# antec 1200



## kof2000

and thats the p180 mini to the left.


----------



## ThatGuy16

Those are pretty nice... and rather big


----------



## INTELCRAZY

kof2000 said:


> and thats the p180 mini to the left.



WTF!? Where did you find those?

I want that P180 mini....


----------



## tuxify

Lmao. Funny looking at the avatars in a row: Nobody Inside? Intel Sucks. Intel Crazy.
Sexy case. Whats at the top (PSU looking thing)


----------



## diduknowthat

tuxify said:


> Lmao. Funny looking at the avatars in a row: Nobody Inside? Intel Sucks. Intel Crazy.
> Sexy case. Whats at the top (PSU looking thing)



looks like watercooling.

Anyways, here's something on the 180mini...

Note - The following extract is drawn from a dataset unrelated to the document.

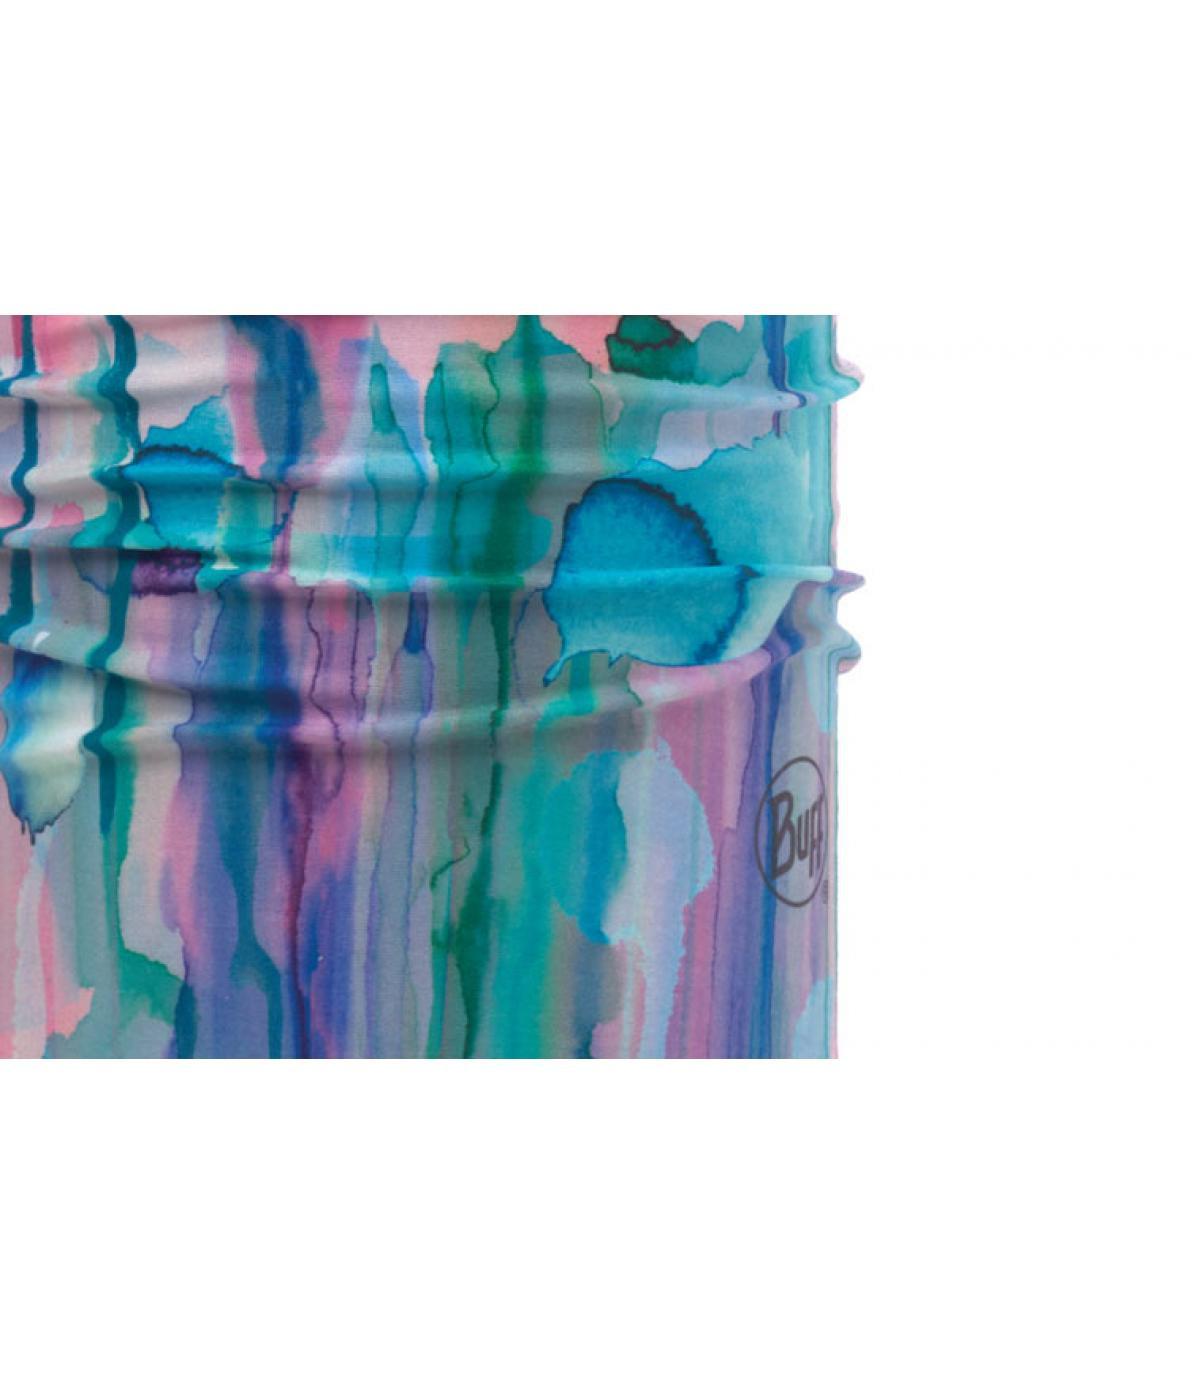 Buff imprimé bleu rose

http://www.bit-tech.net/news/2007/06/08/antec_cases_psus_comptex_2007/1


----------



## INTELCRAZY

diduknowthat said:


> looks like watercooling.
> 
> Anyways, here's something on the 180mini...
> 
> http://www.bit-tech.net/news/2007/06/08/antec_cases_psus_comptex_2007/1



Yeah I googled and came across that... Whoever is taking pics seriously needs to just let someone else do it, b/c those pix suck.


----------



## mep916

Damn!  I knew Antec would come out with a full tower version of the 900 - right after I bought mine, of course!


----------



## chupacabra

There are some other pics like those


----------



## JSpecGC8

Man thats awsome, I am mad at Antec now because I love the 900 but that 1200 = teh secksy!!


----------



## spanky

yeah what i don't like about the 900 is that it's so small. i need a full size tower. when is 1200 available for purchase?


----------



## kof2000

in 1200days


----------



## chupacabra

theresthatguy said:


> yeah what i don't like about the 900 is that it's so small. i need a full size tower. when is 1200 available for purchase?



Not sure about the date on the united states, but i know some uk sites are already selling it ( or they should from what the release date was given for uk)


----------



## JSpecGC8

I have the 900 and love it but man its going to be a hard thing for me not to get the 1200.


----------



## CrazyEh

Wow thats awesome!

I really like the 900 version, but don't like the fact that there's hardly any room inside.

Can't wait until the 1200 comes out! I've been looking for a new case.


----------